1.    New Car Purchase – If you were unable to take advantage of “cash for clunkers,” but are still planning on a new car purchase, do it now.  If you buy a new vehicle by December 31st, you can deduct state and local sales taxes from your 2009 federal tax return, regardless of whether you itemize or not.  This deduction applies to the first $49,500 of a new car price and phases out for couples earning over $250,000.
2.    Capital Loss Deduction – Determine if you have realized any 2009 capital gains in your taxable investment accounts.  If so, assuming that the taxable accounts have assets that are valued at less than their purchase price, sell enough of these capital loss assets to have a net realized capital loss of $3,000 in 2009.  This $3,000 capital loss will offset other 2009 income.
3.    401(k) and 403(b) Plans – Maximize your 401(k) and 403(b) contributions before year end.  In 2009, the maximum tax deductible contribution for each plan is $16,500.  If you are over age 50, you may make a “catch up” contribution of $5,500 for a total of $22,000.  If it is too late to increase your allocations for 2009, be sure to sign up for the maximum reduction that you can afford in 2010.
4.    Roth IRA Conversions – If your modified Adjusted Gross Income (AGI) for 2009 is less than $100,000, you may convert IRA holdings into a Roth IRA.  While the AGI limitation will disappear in 2010, if your 2009 income is lower than normal, it may be wise to convert some IRA funds before the end of 2009.
5.    IRA Charitable Contributions – For those over age 70½, 2009 is the last year in which you can make direct charitable donations of up to $100,000 from your IRA.  If you withdrew this money and then gave it to a charity, your AGI would increase, which could trigger future Medicare premium increases.
6.    Charitable Gifts –If you are inclined to help those less fortunate than yourself, charitable giving will help reduce your taxes.  Any tangible items that you donate must be in at least “good” condition.   Keep a detailed list of the items, their condition and the thrift store value of each item.
7.    Set up a Donor Advised Fund – If your charitable gifts are in cash, consider establishing a Donor Advised Fund.  You can donate long-term appreciated capital assets to the Donor Advised Fund and receive a deduction for the full value of the asset.  Not only will you receive a charitable tax deduction, you will never pay taxes on your capital gains.
8.    Defer Income – The self-employed and some small business owners can elect to invoice customers in January, so they don’t have to include this income in 2009.  However, this may only be wise if you will be in the same or lower tax bracket in 2010.
9.    Adjust Medical Deductions – Since medical deductions are limited to expenses exceeding 7½ % of income, if you have already had high 2009 medical expenses, get any tests, eyeglasses, prescriptions or dental work that you may require during 2009.  If your 2009 medical expenses are low, hold off on these expenses (if possible) until 2010.

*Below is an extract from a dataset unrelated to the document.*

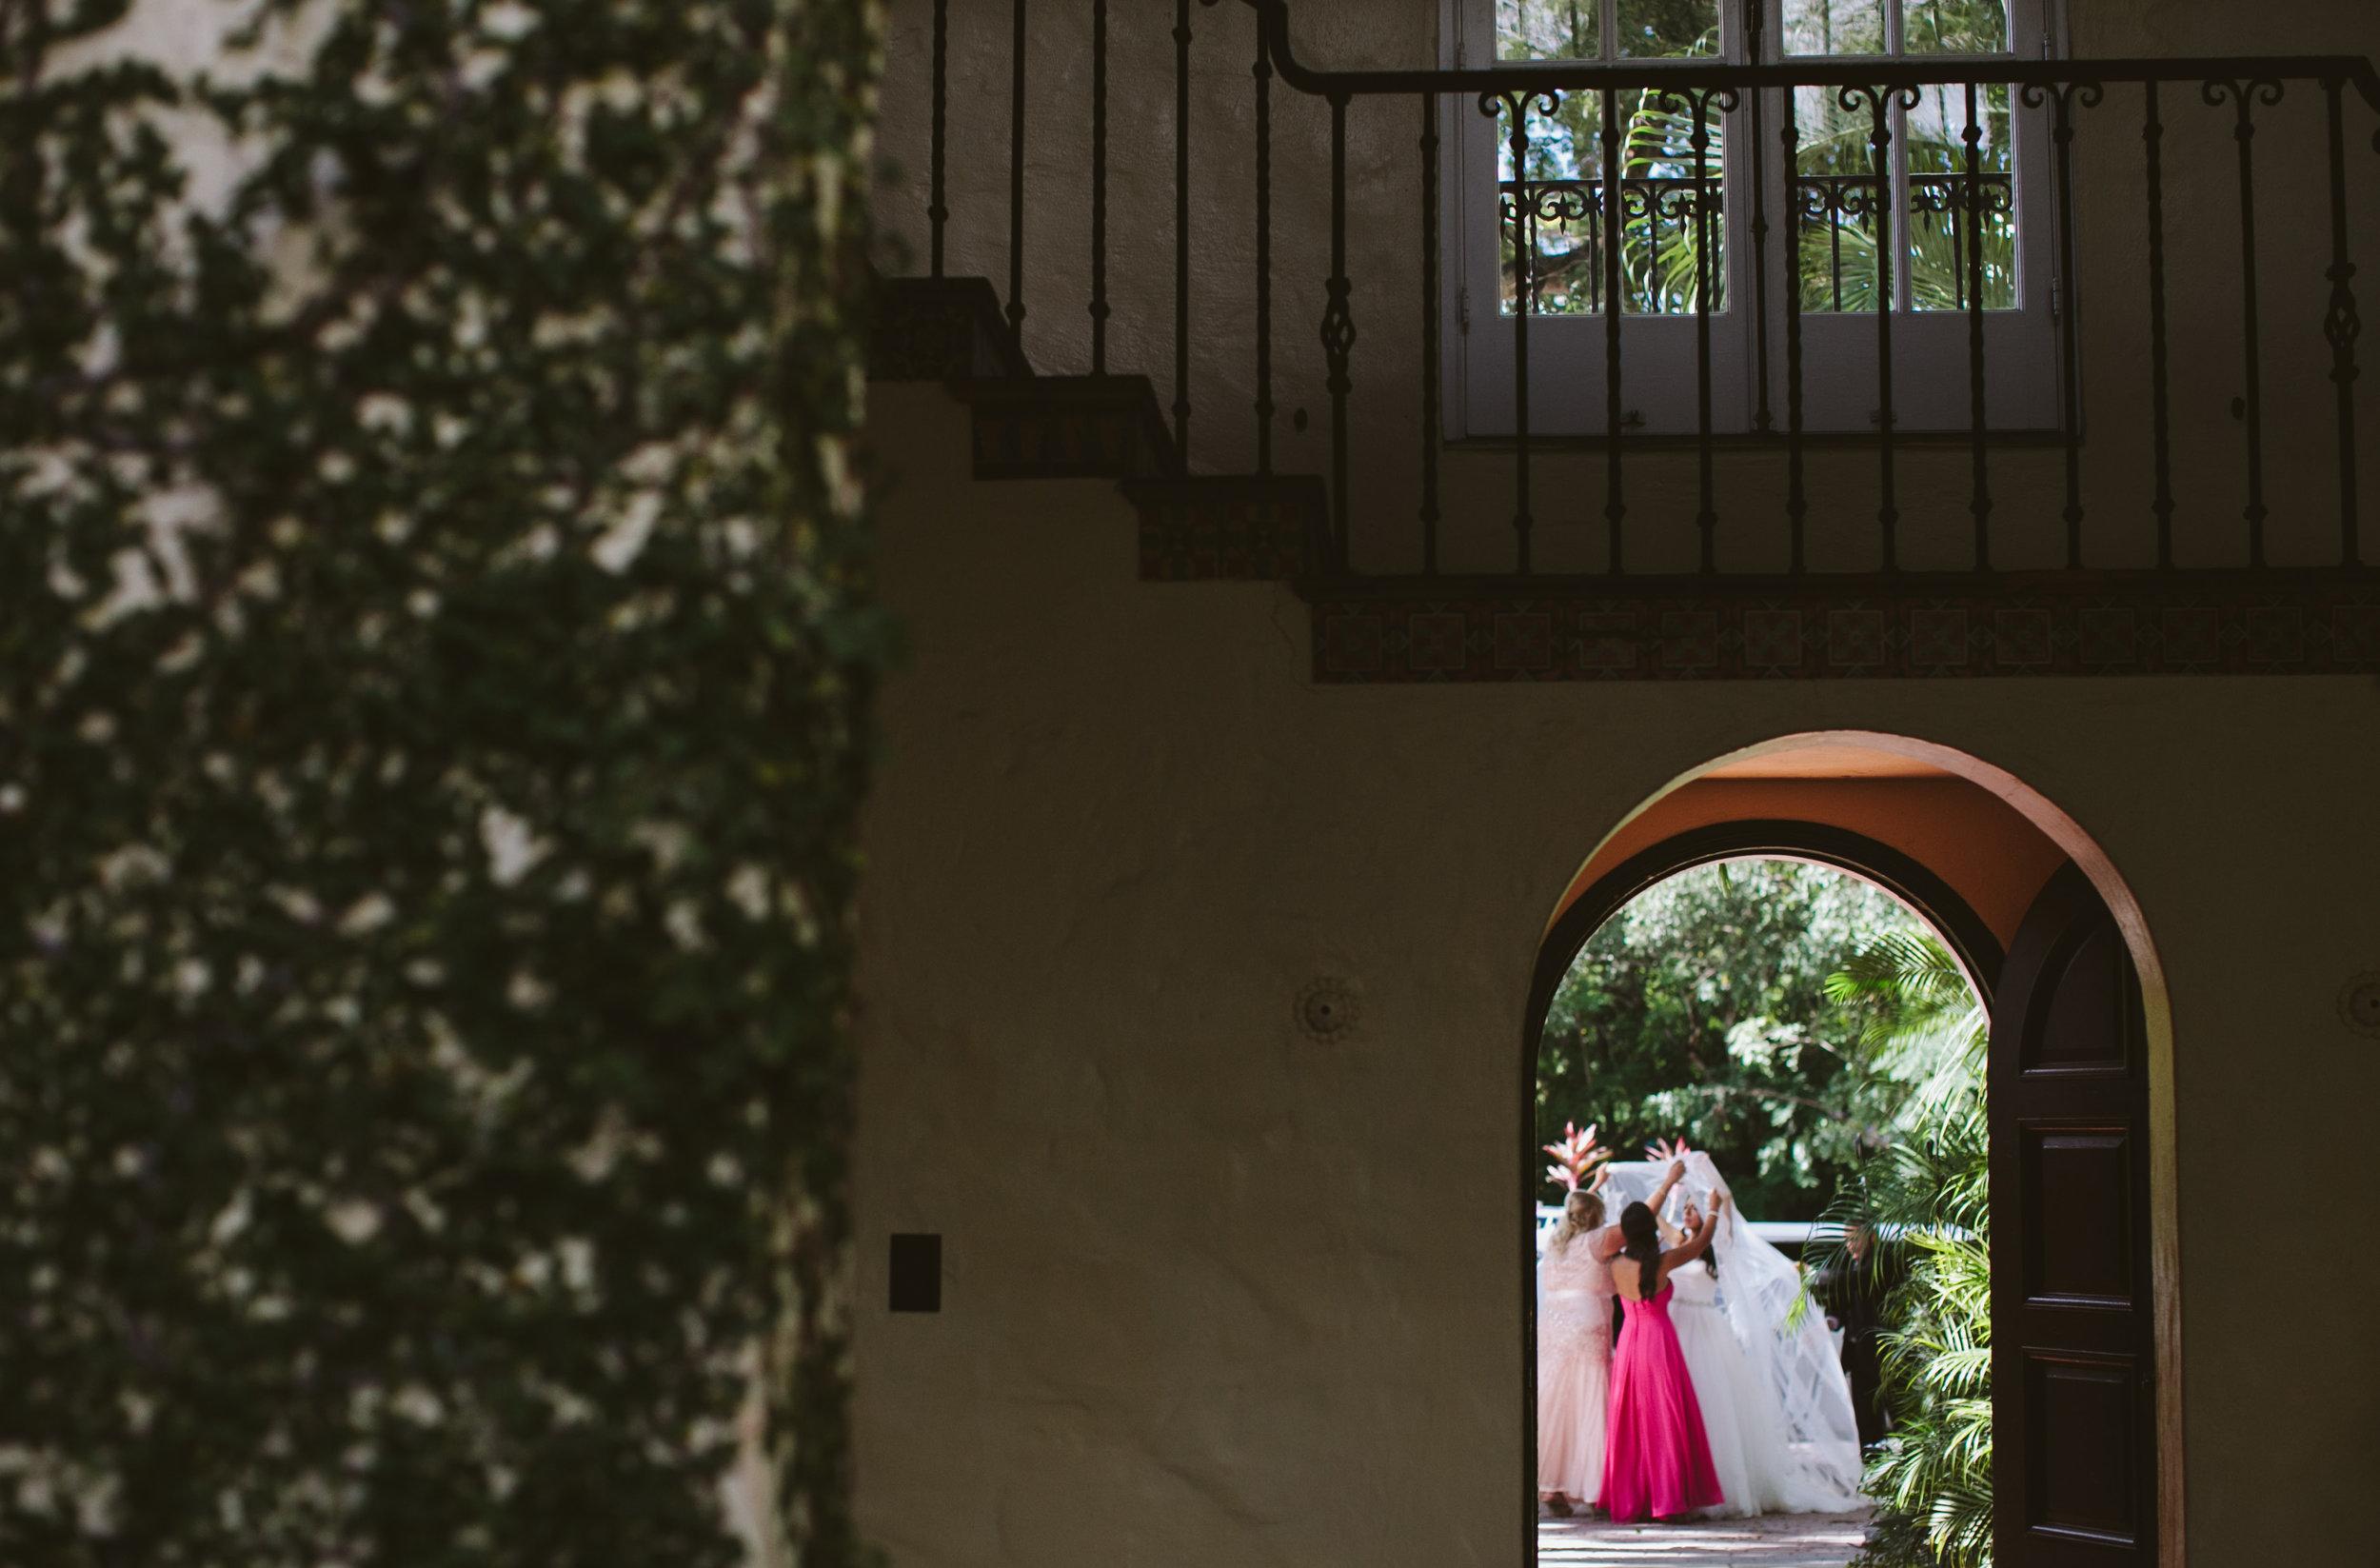 Meli + Mike Coconut Grove Wedding at Villa Woodbine23.jpg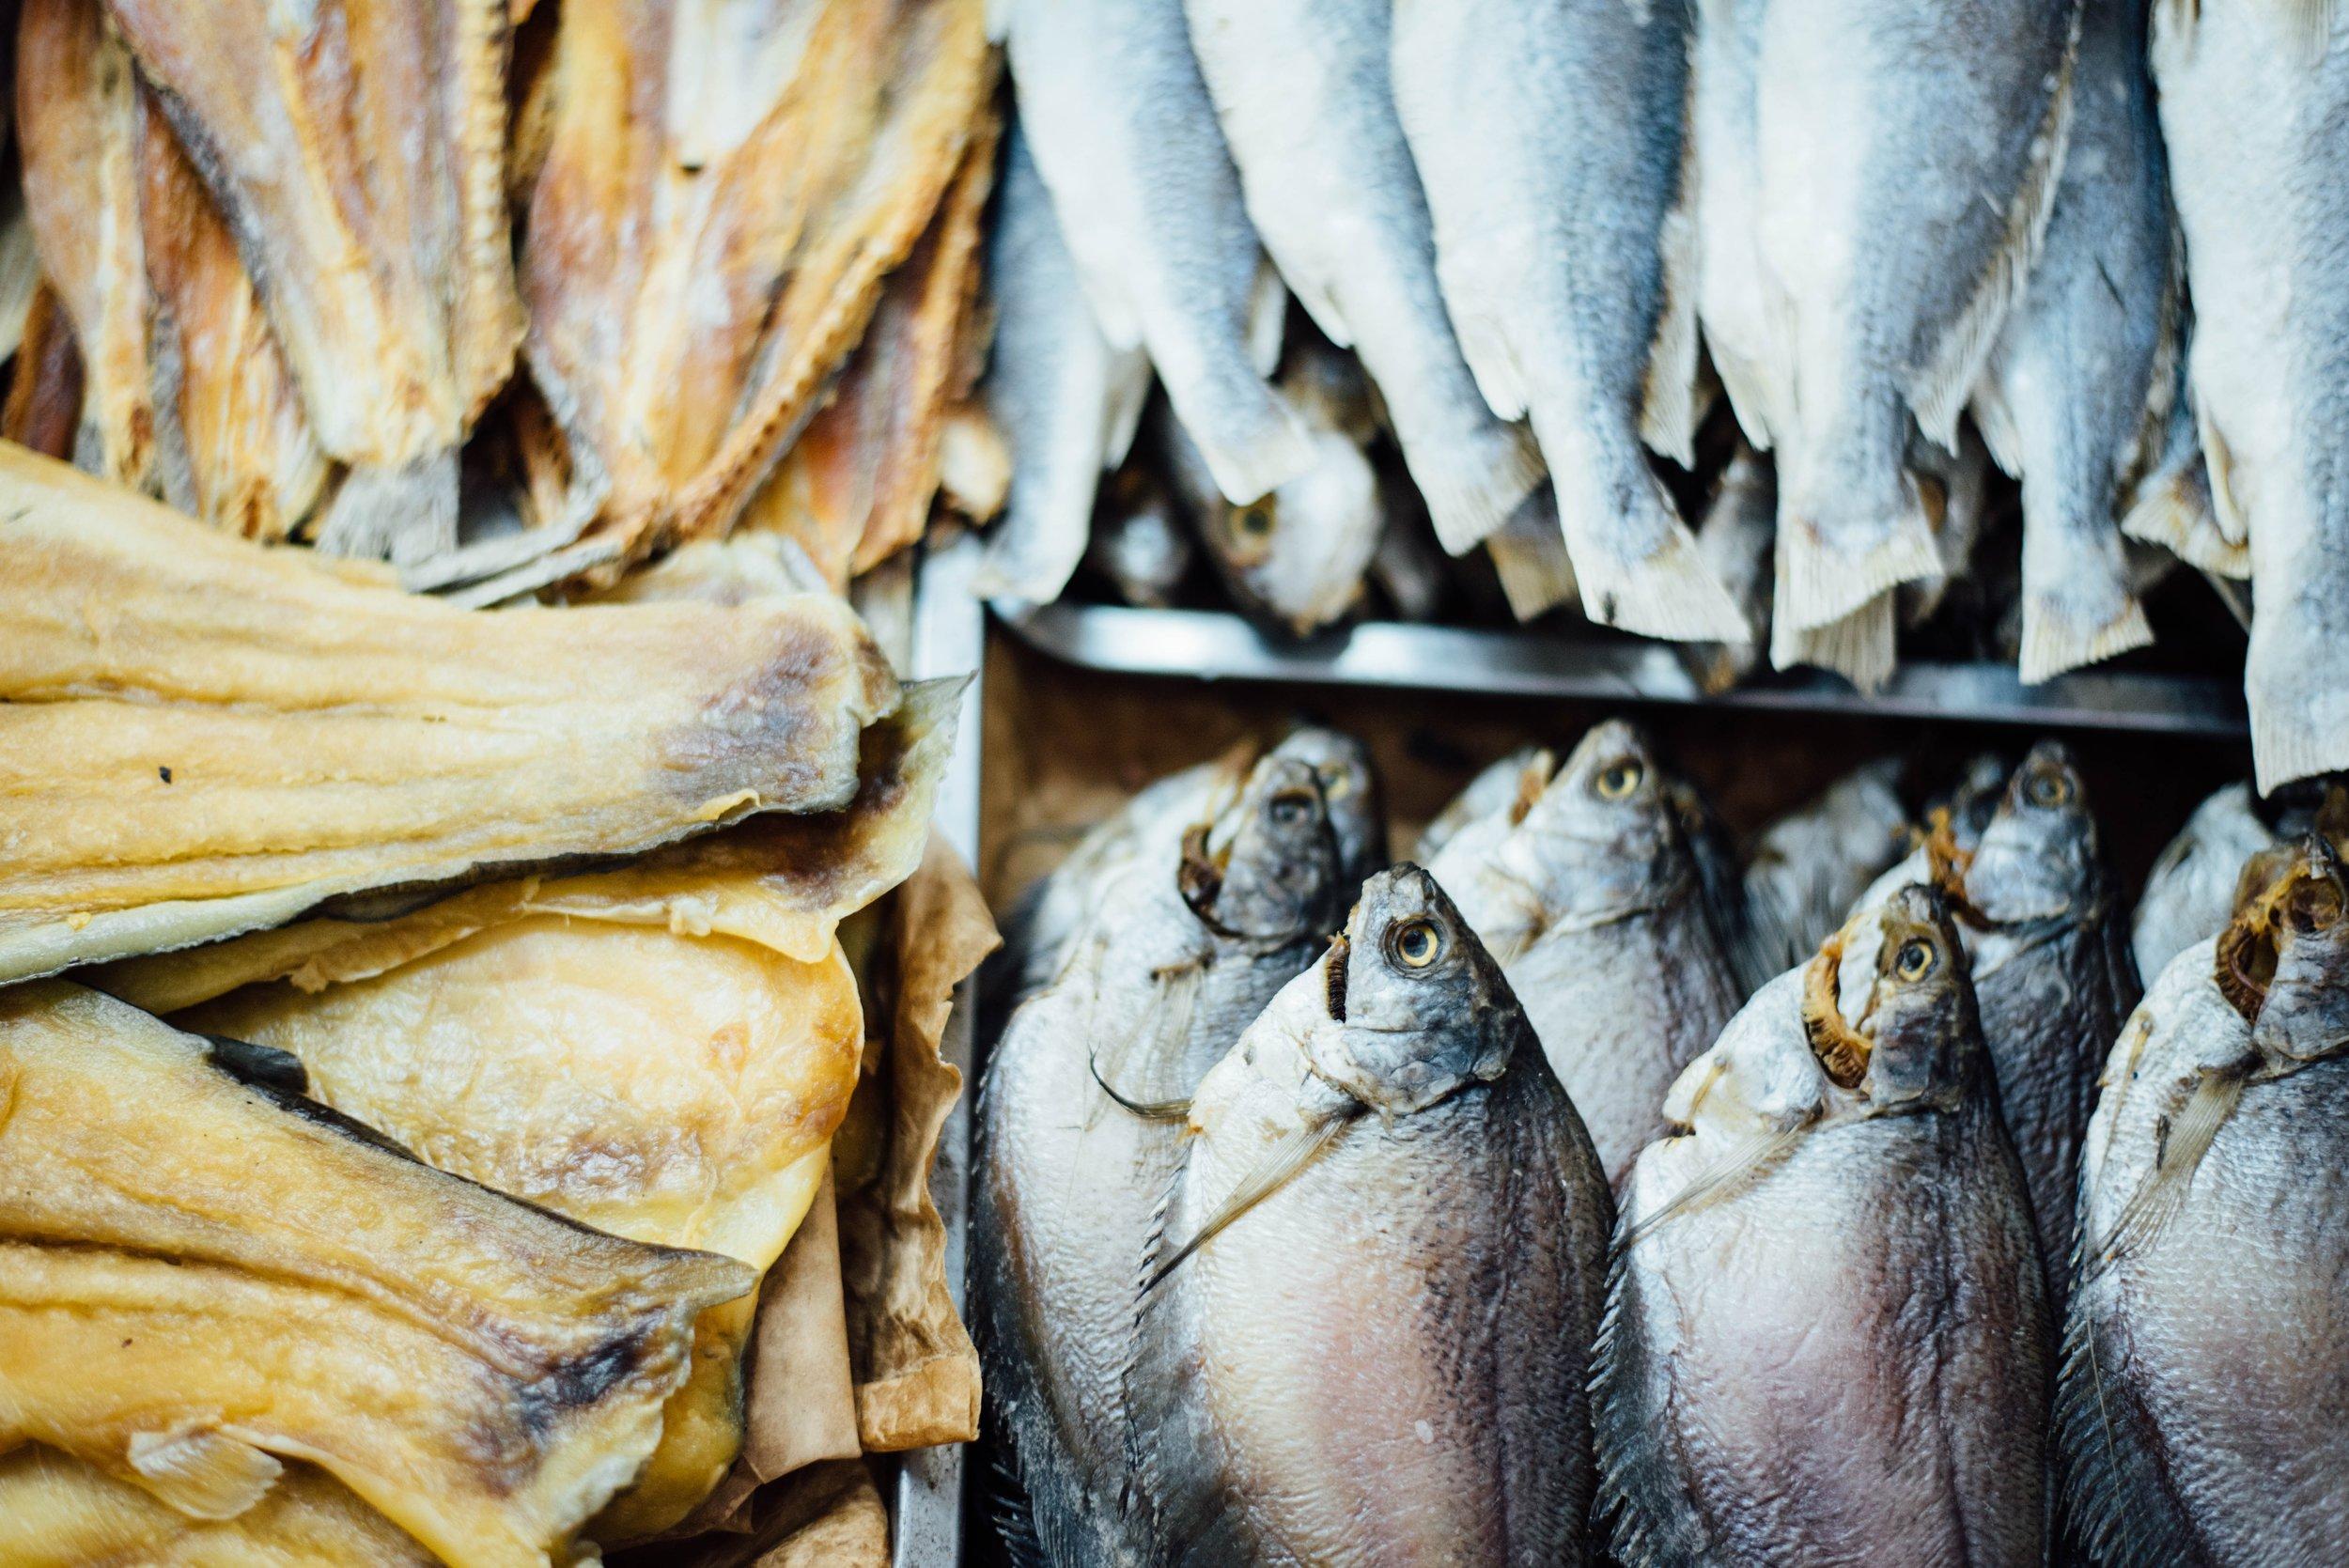 180720 FISH.jpg

10.    Prepay mortgages and state income taxes – If your mortgage payment is due January 1, paying it by December 31 will allow you to deduct the interest in 2009.  Prepaying your state income tax by December 31 will also allow the amount paid to be deducted in 2009.

There are other methods of reducing your 2009 taxes, such as IRA and HSA contributions, that do not require action by December 31.  However, the actions listed above must be done by December 31 if you wish them to apply to your 2009 taxes.